El recinto de Las Banderas acogió en la noche del lunes el tradicional pregón que sirve de antesala a la Feria de Primavera y Fiesta del Vino Fino de El Puerto, en un ambiente que ya anticipa el inicio oficial de la celebración con el encendido del alumbrado.

La caseta de Helo-Libo fue el escenario de un acto que congregó a numerosos asistentes y que tuvo como protagonista a Jesús Rodríguez de Moya, quien ofreció un discurso de carácter cercano, emotivo y con toques de humor, centrado en su vínculo con la ciudad y su visión de la Feria.

Durante su intervención, el pregonero realizó un recorrido por los elementos más representativos de estos días, desde el ambiente en las casetas hasta la gastronomía y la convivencia, incluyendo también referencias a las bodegas locales y a la identidad propia del evento.

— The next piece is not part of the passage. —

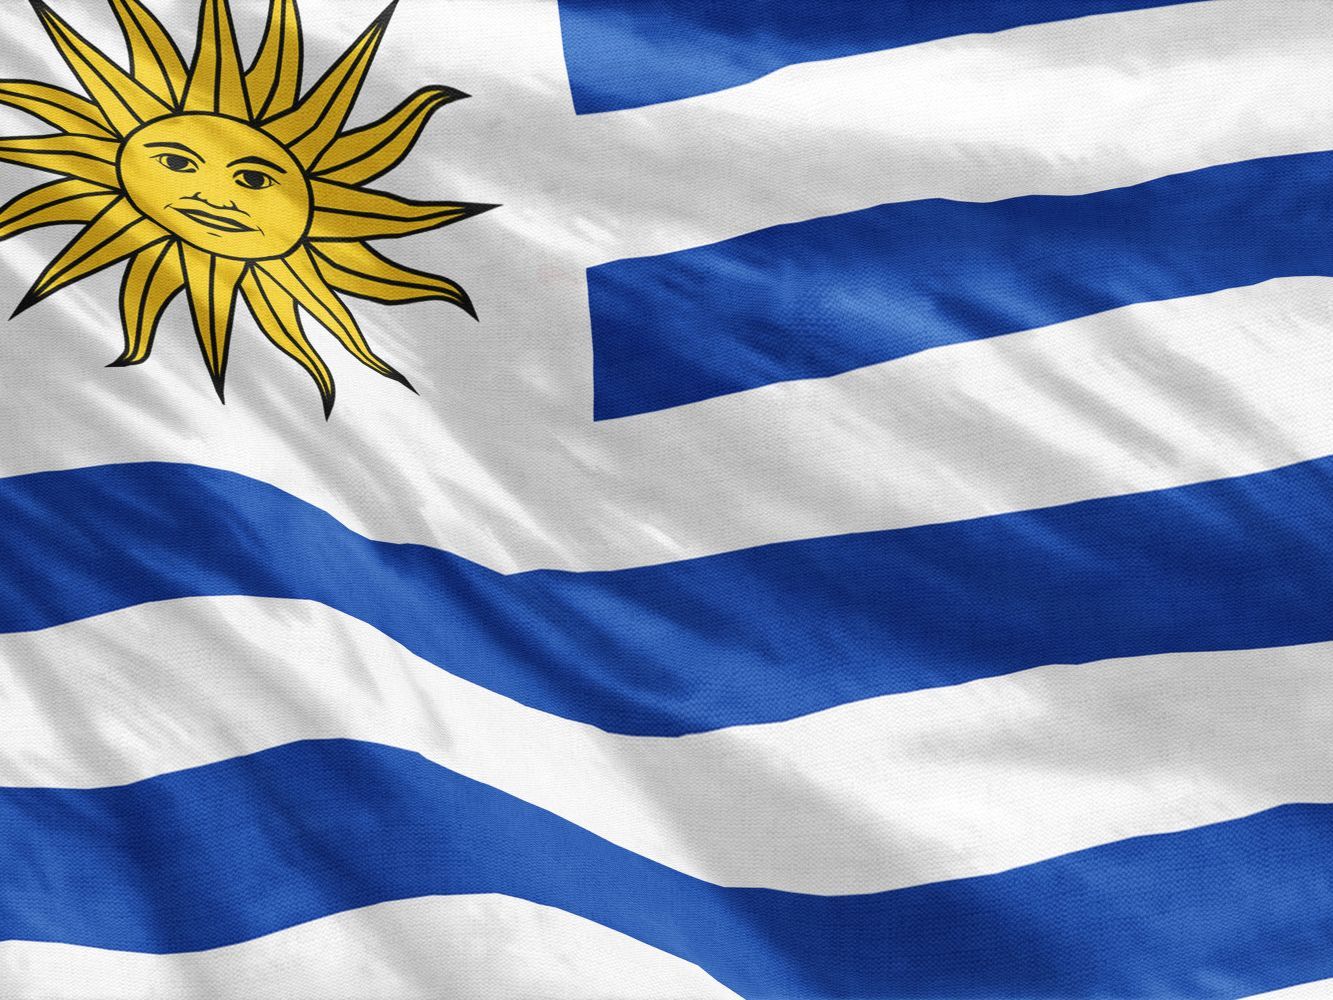 La nación uruguaya tendrá una segunda vuelta electoral el 24 de noviembre con los candidatos más votados.

También hizo referencia a la ciudad homenajeada en esta edición, San Sebastián, destacando ciertos paralelismos con El Puerto. Subrayó que ambas comparten su relación directa con el mar, abiertas a una bahía y con una marcada identidad atlántica, además de una reconocida tradición gastronómica. En ese contexto, apuntó que esa conexión histórica y cultural hace comprensible el vínculo existente entre ambas localidades.

Durante el pregón.

El pregón dejó también un momento desenfadado al repasar algunos de los clásicos gastronómicos del recinto. En tono humorístico, el protagonista aseguró que los pimientos fritos actúan casi como un escudo para el estómago durante la Feria, bromeando sobre sus supuestos “efectos protectores, han salvado más vidas que la penicilina llegó a decir en tono jocoso, ya que según bromeó, ayuda a sobrellevar los excesos de la Feria.

Tras ese guiño culinario, no se quedó solo en palabras y terminó llevándolo a la práctica al probar allí mismo uno de los platos más populares del ambiente festivo, acompañado de una copa de Fino Quinta, en pleno ambiente de caseta.

El acto contó con la presencia del concejal de Fiestas, David Calleja, en ausencia del alcalde, que acompañó en el desarrollo de una cita que marca el arranque simbólico de la Feria.